───── Exercise data ─────

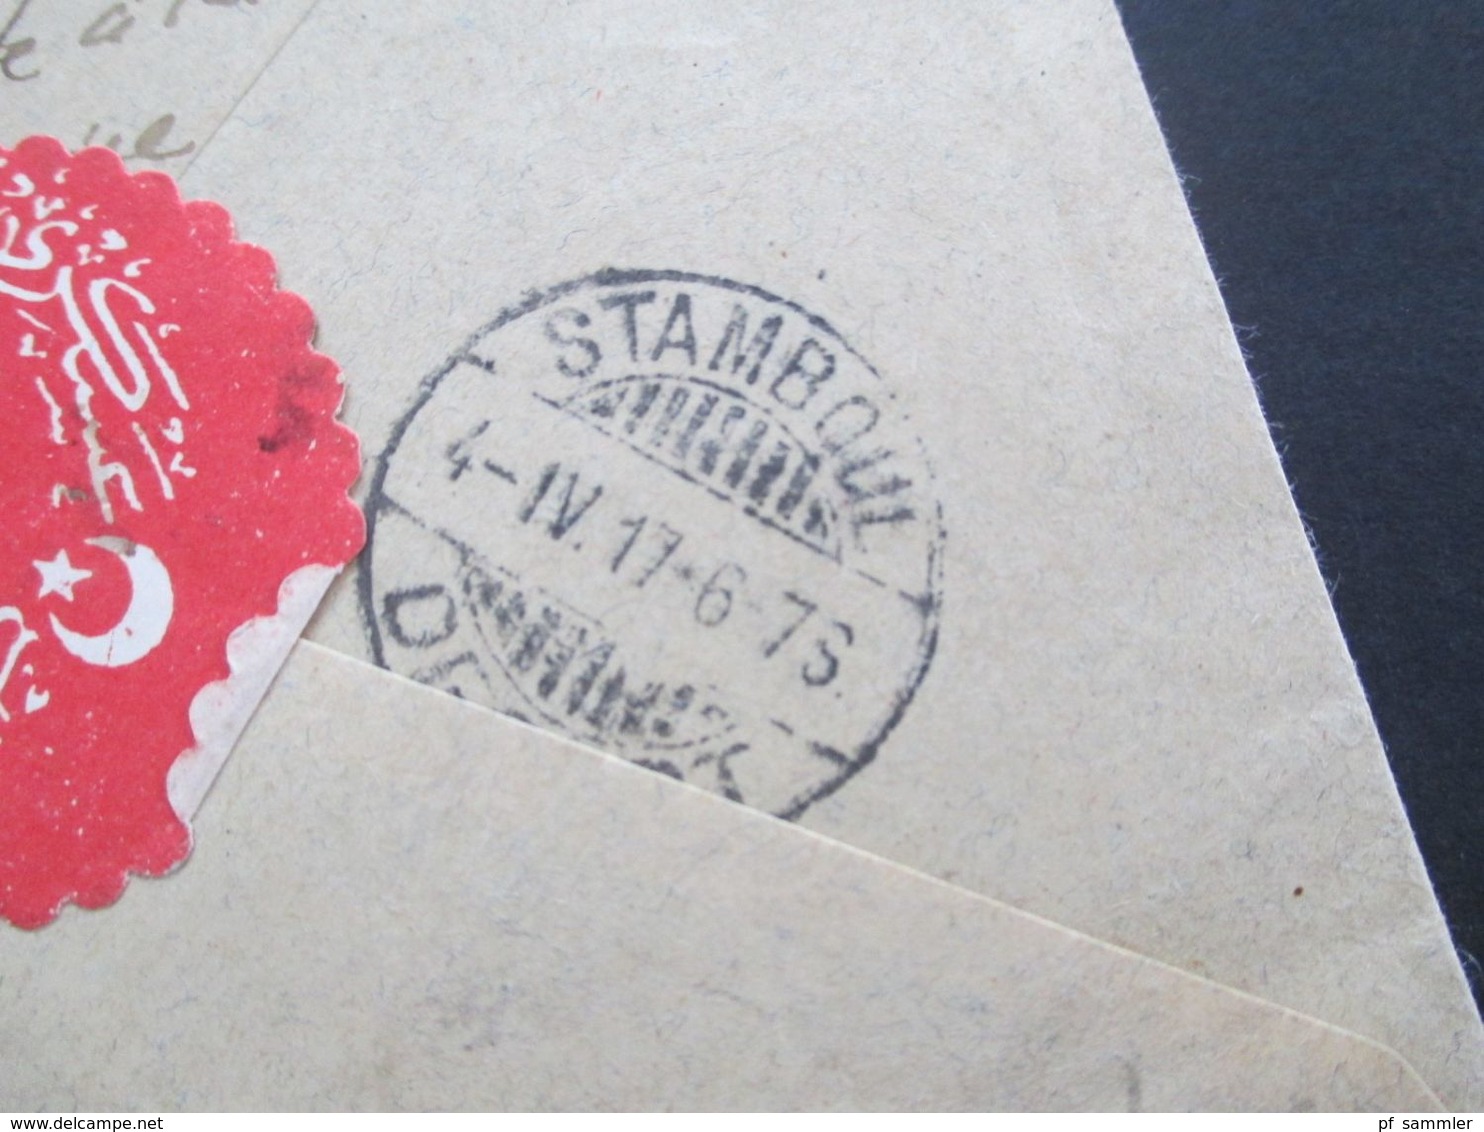 Türkei 1917 Einschreiben ?! 2 Marken mit Aufdruck auf Brief in die Schweiz mit rotem Papiersiegel!!
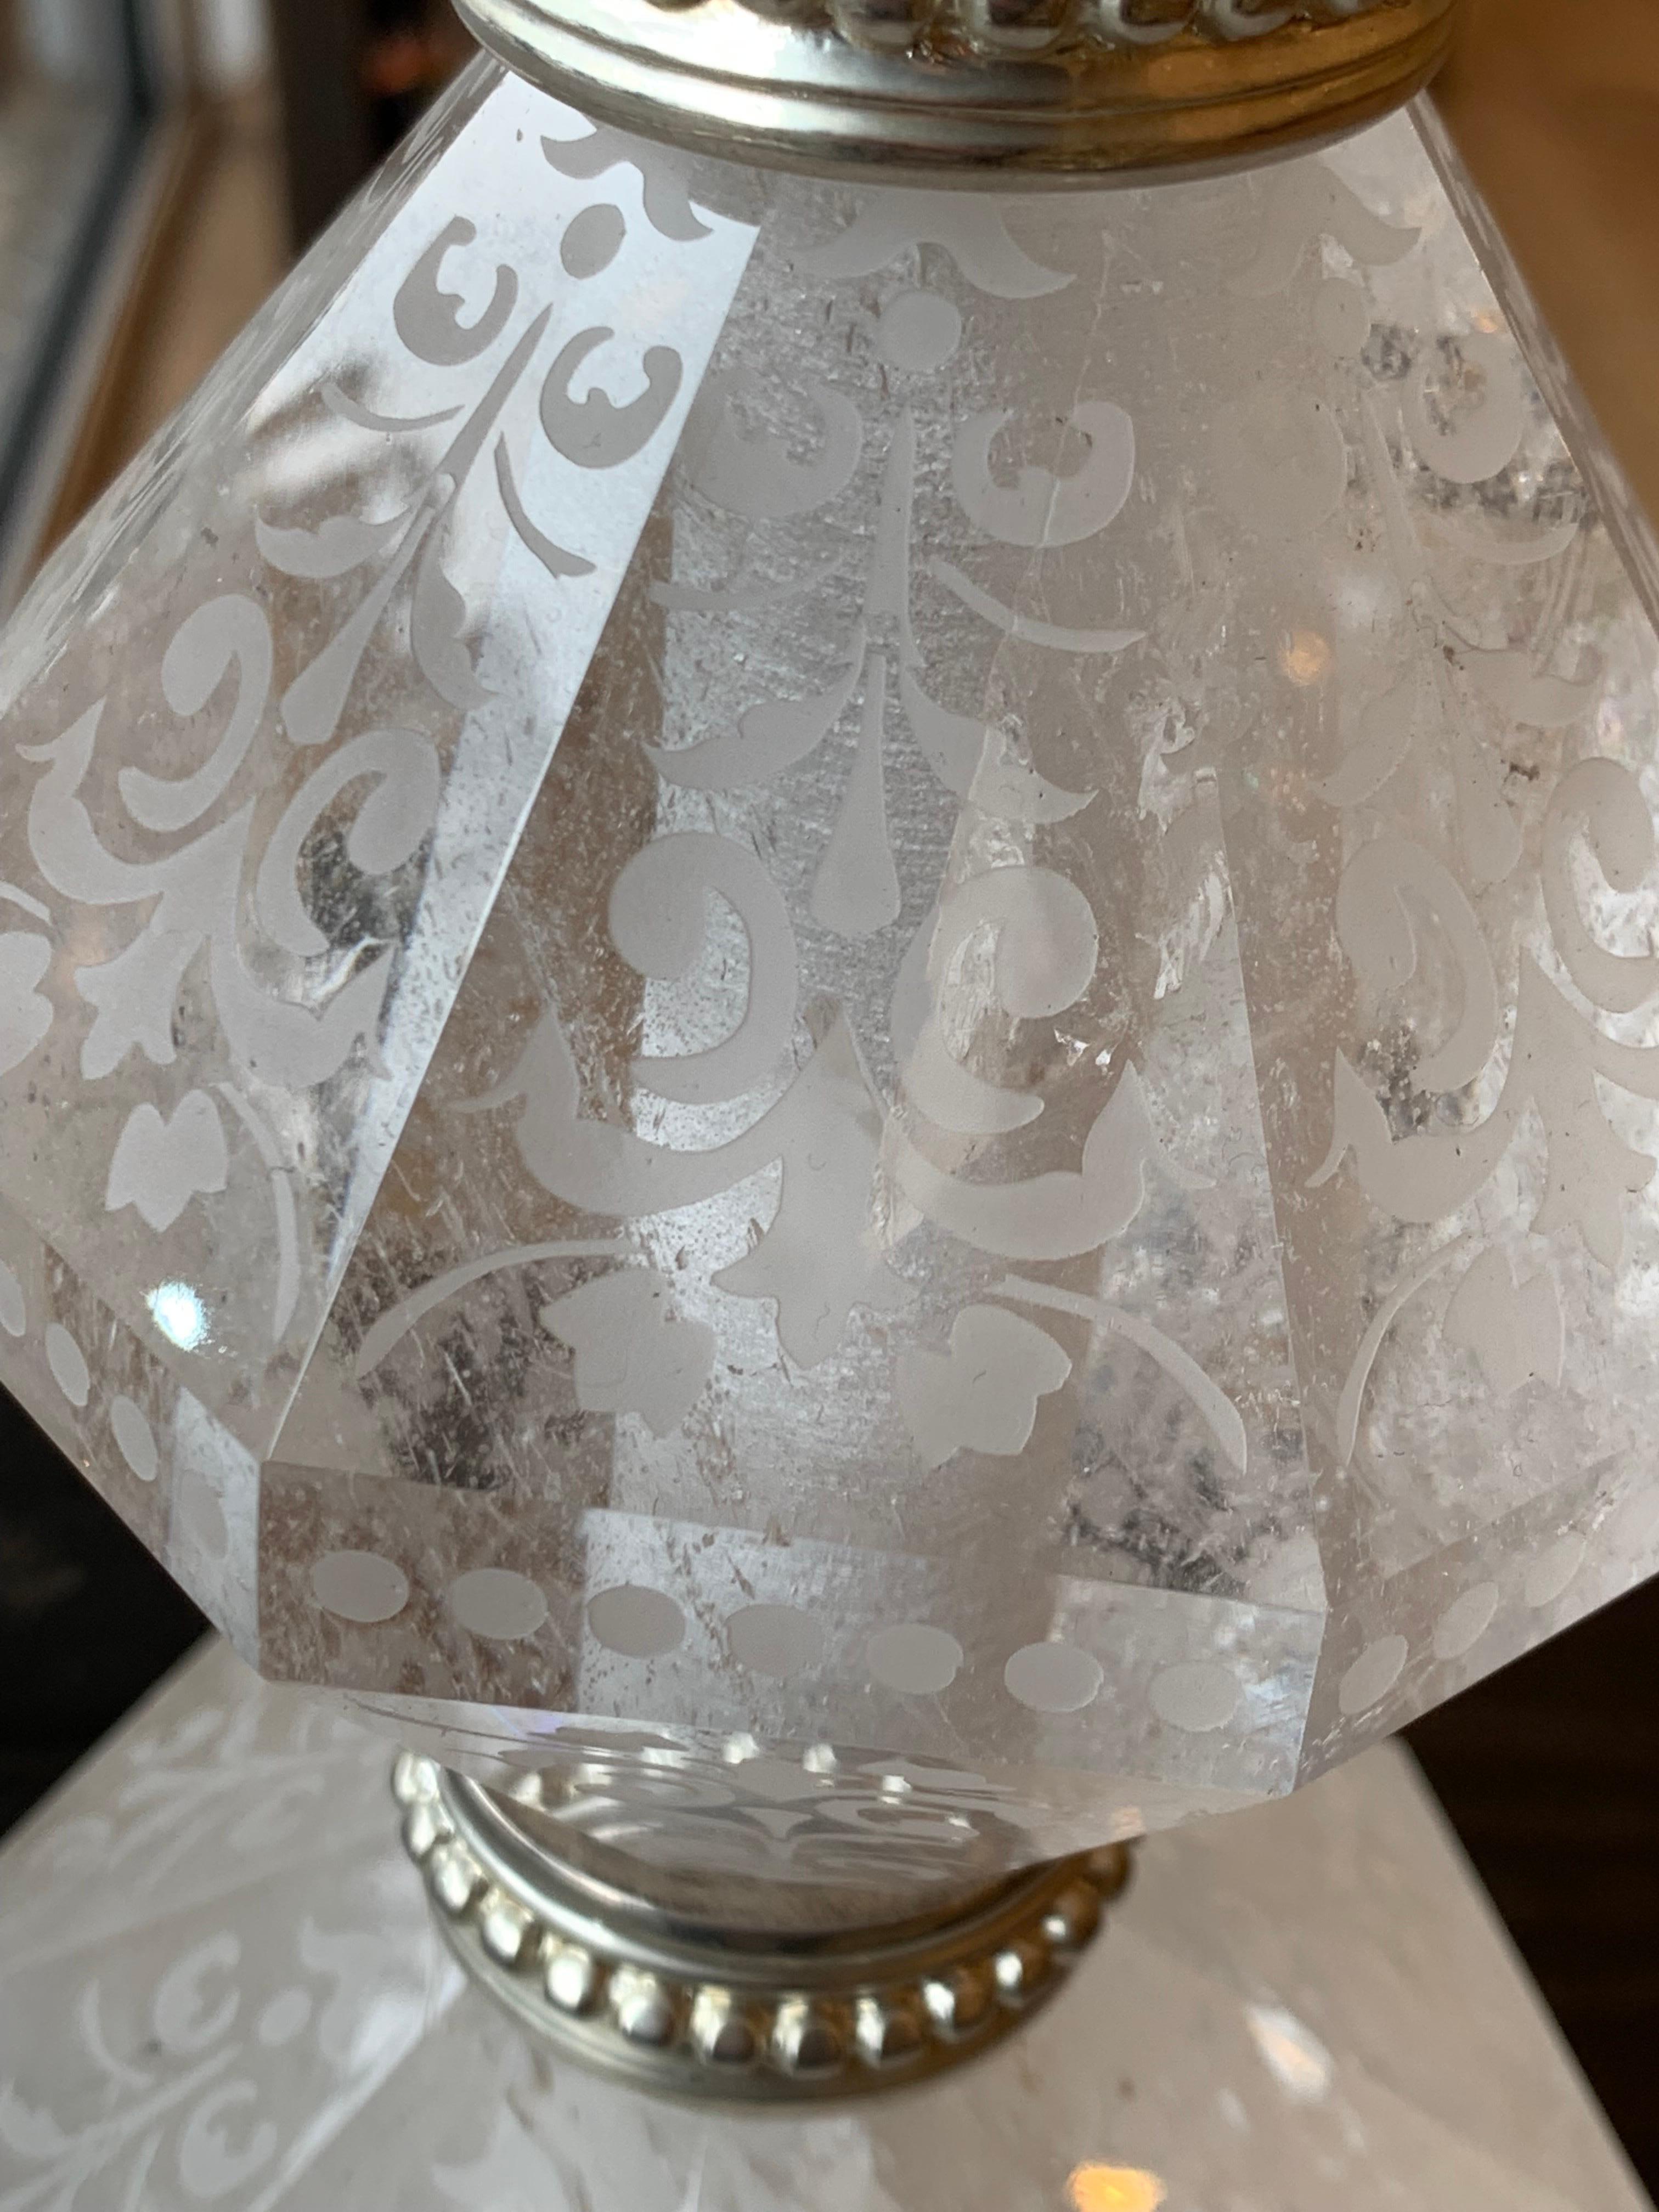 Diese majestätische und elegante Lampe aus Silberbronze und Bergkristall ist eine Kreation aus unserer Werkstatt.
Er besteht aus fünf Teilen aus Bergkristall, die sorgfältig mit geätzten Mustern verziert sind. Die Bronzeteile sind fein verziert mit

─────

Beginning at the line that contains "Diese majestätische und", retype each line of the data above through the very last one. Do not retype the pictures.

 Diese majestätische und elegante Lampe aus Silberbronze und Bergkristall ist eine Kreation aus unserer Werkstatt.
Er besteht aus fünf Teilen aus Bergkristall, die sorgfältig mit geätzten Mustern verziert sind. Die Bronzeteile sind fein verziert mit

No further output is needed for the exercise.